The more complex the visual description task, the more severe the informativeness bias, and the greater the benefit provided by BIRCH.

Highlights & Insights¶

Problem discovery as a major contribution: Informativeness bias was previously overlooked but has far-reaching consequences; if automated evaluation is unreliable, model selection and training based on it may be misled.
The "Correct-then-Compare" paradigm is highly effective: It does not rely on making the judge "smarter" but eliminates the source of bias through preprocessing. This "change the input, not the model" approach can be applied broadly to other evaluation biases.
Transferability: The approach can likely be migrated to similar bias scenarios in LLM-as-a-Judge, such as preferences for length or specific formatting.

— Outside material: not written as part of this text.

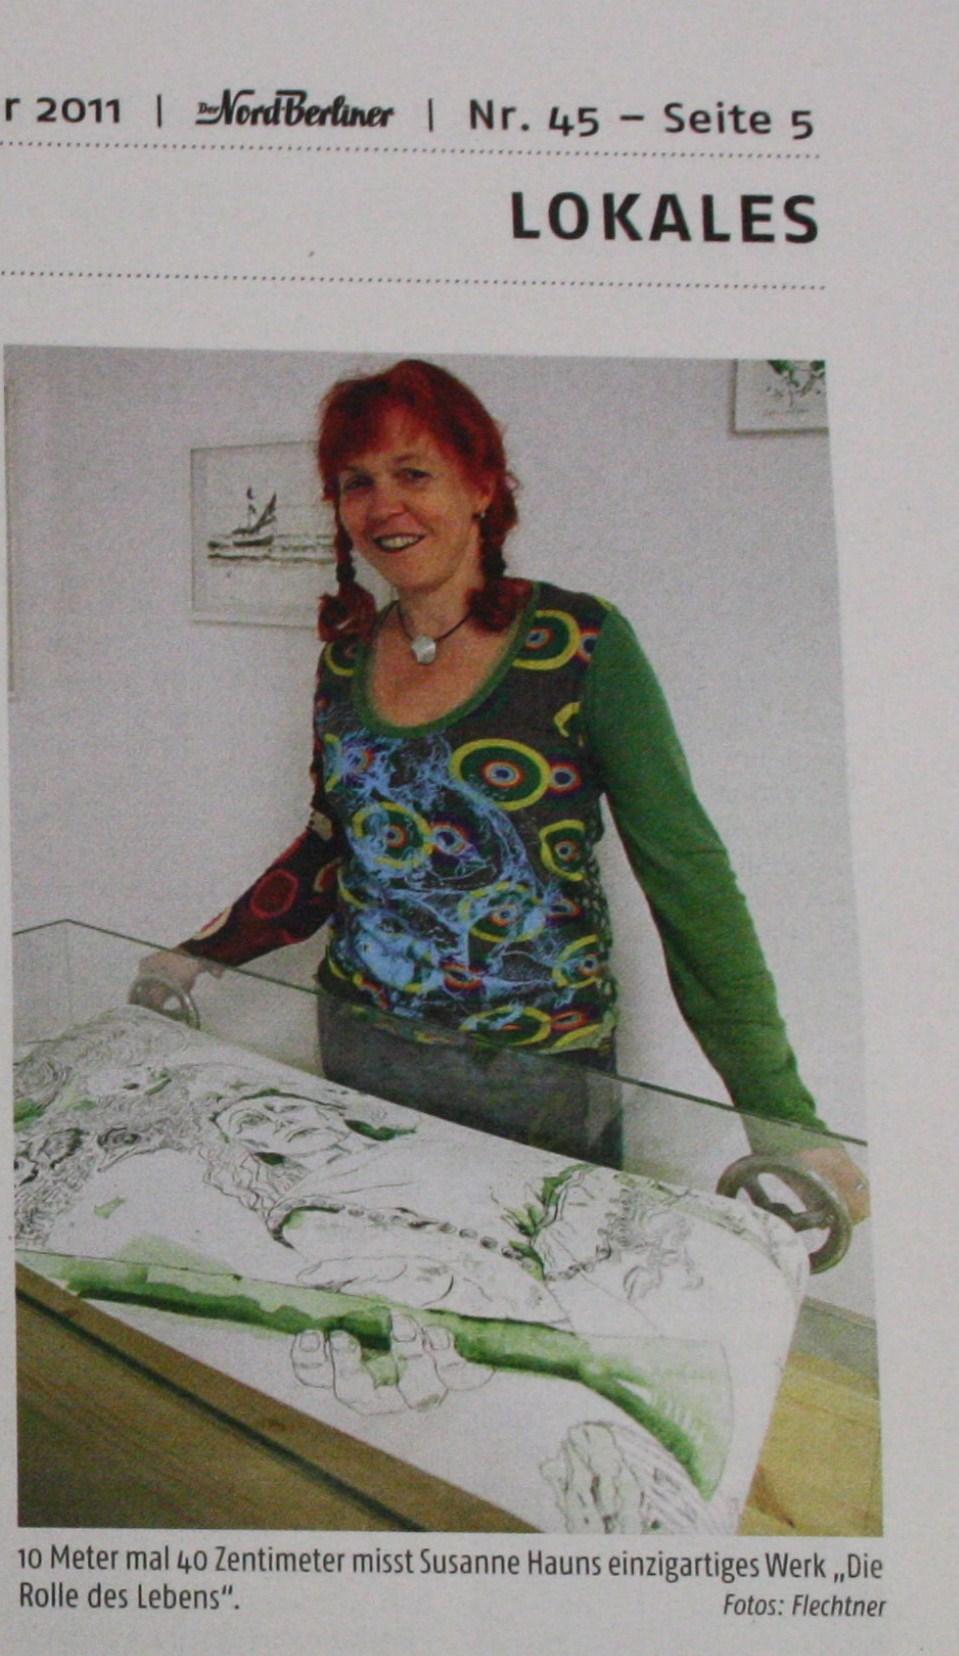 Foto Susanne Haun 2011 11 10 Nordberliner von Frau Flechtner
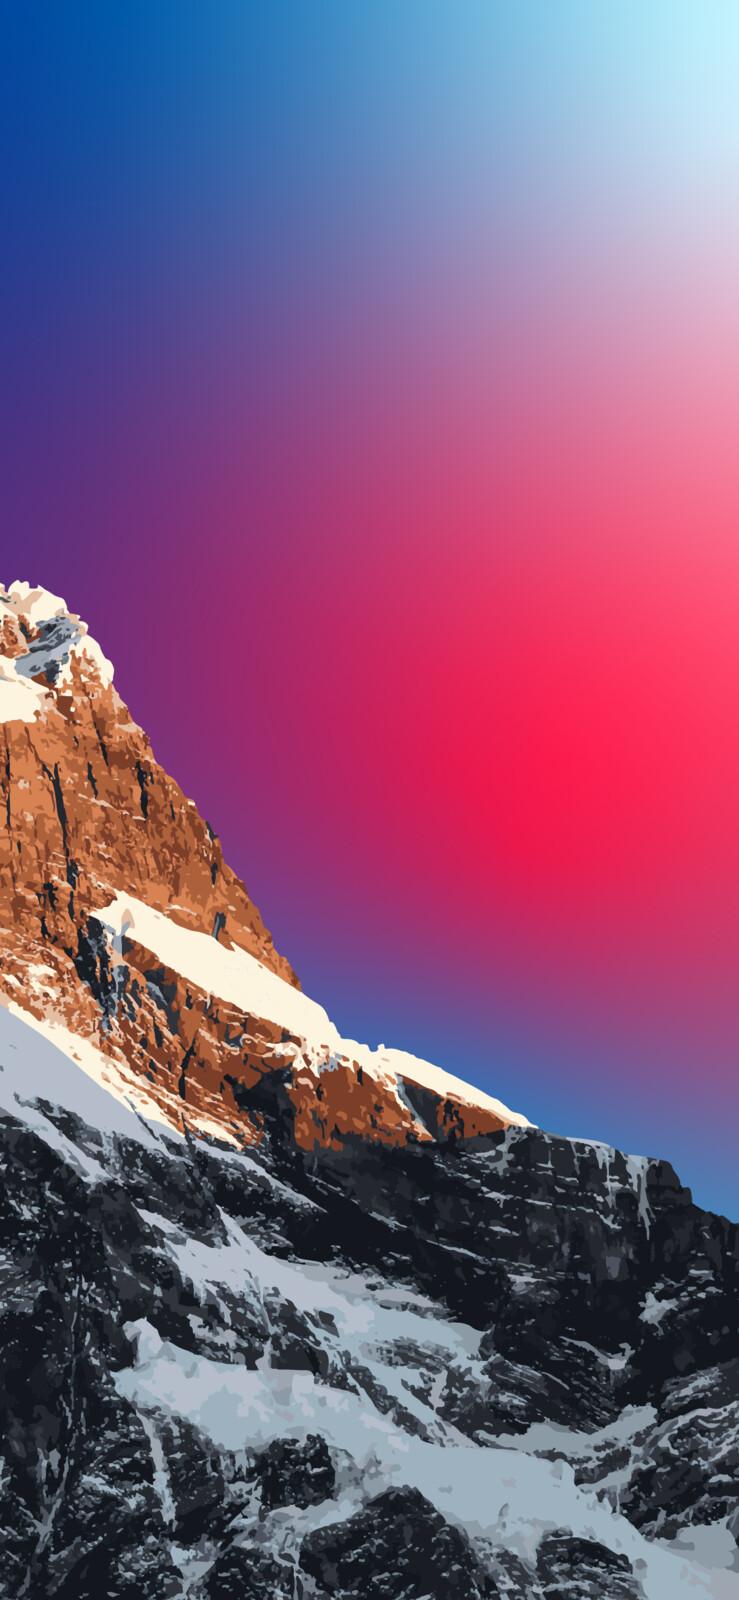 https://www.heroscreen.cc/2021/02/wallpaper-iphone-mountain-view.html

Limitations & Future Work¶

The correction step itself depends on the VLM's visual understanding—if the corrector's vision is flawed, new biases may be introduced.
The two-step process increases inference costs (requiring extra calls for correction), sacrificing some efficiency.
Currently focuses on "informativeness bias"; VLM judges may harbor other biases (e.g., position bias, length bias).
Future work could explore training specialized "debiased" judges that internalize the BIRCH logic into the model itself.

vs. LLM-as-a-Judge Bias Research: Previous work focused on position and verbosity bias in LLM judges; this paper is the first to systematically study informativeness bias unique to VLM judges.
vs. Direct Scoring Methods: Methods that have VLMs assign scores directly are equally susceptible to informativeness bias; BIRCH's correction logic is applicable to scoring scenarios.
vs. Human Evaluation: BIRCH narrows the gap between automated and human evaluation, though human judgment remains indispensable for highly subjective dimensions.

Rating¶

Novelty: ⭐⭐⭐⭐⭐ First to reveal and systematically quantify informativeness bias in VLM judges; the problem definition is novel and important.
Experimental Thoroughness: ⭐⭐⭐⭐ Comprehensive experiments across multiple models and benchmarks with solid ablation.
Writing Quality: ⭐⭐⭐⭐ Clear motivation and logically rigorous experimental design.
Value: ⭐⭐⭐⭐⭐ Significant impact on the VLM automated evaluation field; both the identified problem and the proposed solution are broadly meaningful.